Взять, к примеру, Пресненский вал — вполне гиблое место: толчея у пешеходного перехода к метро, цветочный рынок — торговцы-горлопаны, зазывалы у букетных фонтанов на обочине, автомобили покупателей припаркованы небрежно наискось — не пройти, не то что проехать. Это место, где Грузины, Белка и Ямские сталкиваются с Беговой и 1905 года — клин с клином, суши весла, иди пешим. Пресня, Грузины, Ямские, сходясь, образуют своего рода городской омут, некое зияние. Неспроста именно здесь, на Пресненских прудах, где так любили гулять москвичи, стояли таборы цыган, летние рестораны, сюда съезжались на лихачах послушать гитарный хор катюш и оленек, а цыганские медведи-плясуны отлично рифмовались с обитателями Зоосада. Наследия разудалого забытья и сейчас сколько угодно в этом треугольнике, как нигде в Москве. Только здесь можно наткнуться на ласвегасовские театры, с золоченными слонами в натуральную величину напротив входа. И конечно, Зоопарк — островок, провал, на дне которого, как в калейдоскопе, сгрудились осколки обитателей всего земного шара. Гам, стенанье павианов, всхлипы выпи и рыдание павлина, уханье шимпанзе, иканье лам и тигриный рык несколько лет сопровождали меня во время вечерних прогулок по Зоологическому переулку, до тех пор пока животных не поместили в новые закрытые вольеры, и наступила тревожная тишина, которая хуже любого вопля: зверь затаился у площади Восстания.

 

Грузины замечательны двумя домами. Один — усадьба Багратиони, откуда по всему городу расползаются бронзовые чудища. Другой — «Дом Агаларова», один из самых красивых новостроев в Москве, чем-то напоминающий шедевры, обступившие Австрийскую площадь в Питере. Выгуливая себя в той местности, я непременно оказывался у этого дома, чтобы пройти мимо парадного, отделанного искристым лабрадоритом. Пренебрегая крупнокалиберными взглядами пиджачной охраны, я вышагивал вдоль сквера, вдоль парковки, где можно было увидеть и Rolls Royce, и Ferrari, и Lamborghini, и коллекционный мерс-купе 1962 года, — пока еще не переведенных «валетами» в стойло подземного гаража, спуск по спирали с торца, из-под чуть не самоцветного фонтана, — вышагивал прямехонько на двух бронзовых гигантов: в объятья расписных клоунов верхом на колесе, кулачищем способных зашибить и слона.

 

Еще этот район замечателен Белорусским вокзалом — подлинным символом истории страны, всех войн XX века.
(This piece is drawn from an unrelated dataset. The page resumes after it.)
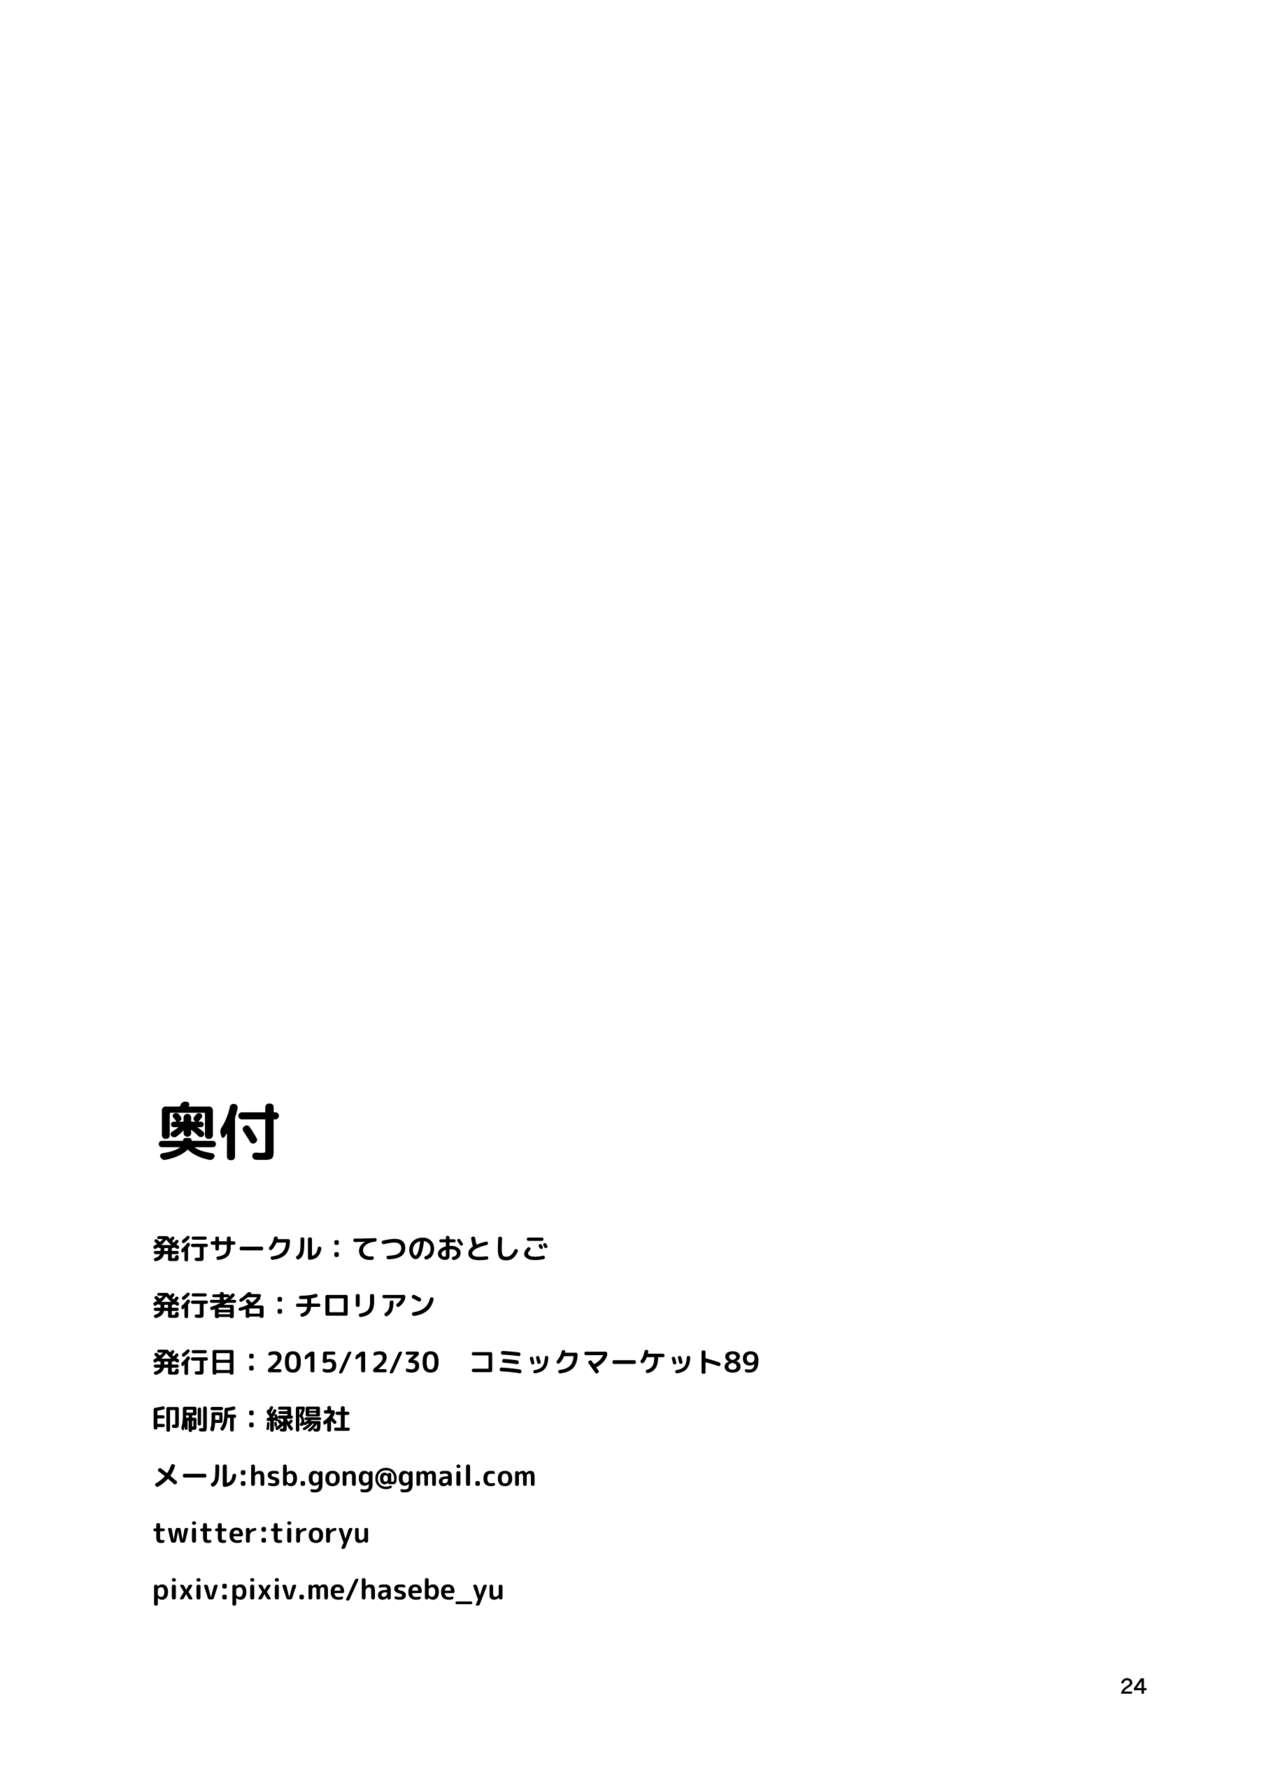 Chaturbate Sagi no Koe Hibiku - Touhou project Amigo - Page 24

Но его суть приоткрывается не с фасада. На Пресненском валу есть ход, откуда можно попасть на товарные платформы и куда я случайно проник, заехав однажды поздно вечером на мойку… С вала я зарулил под ржавую вывеску «Мойка кузовная» — в какой-то невозвратный темный желоб. Шуганув стаю дворняг, сходствующих с лемурами, покатил, постепенно погружаясь выше крыши в железобетонный бруствер. Застигнутая крыса бежала по обочине с машиной наравне; я сбавил ход, чтоб не обагрить протектор, однако и пасюк перешел на шаг, экономя.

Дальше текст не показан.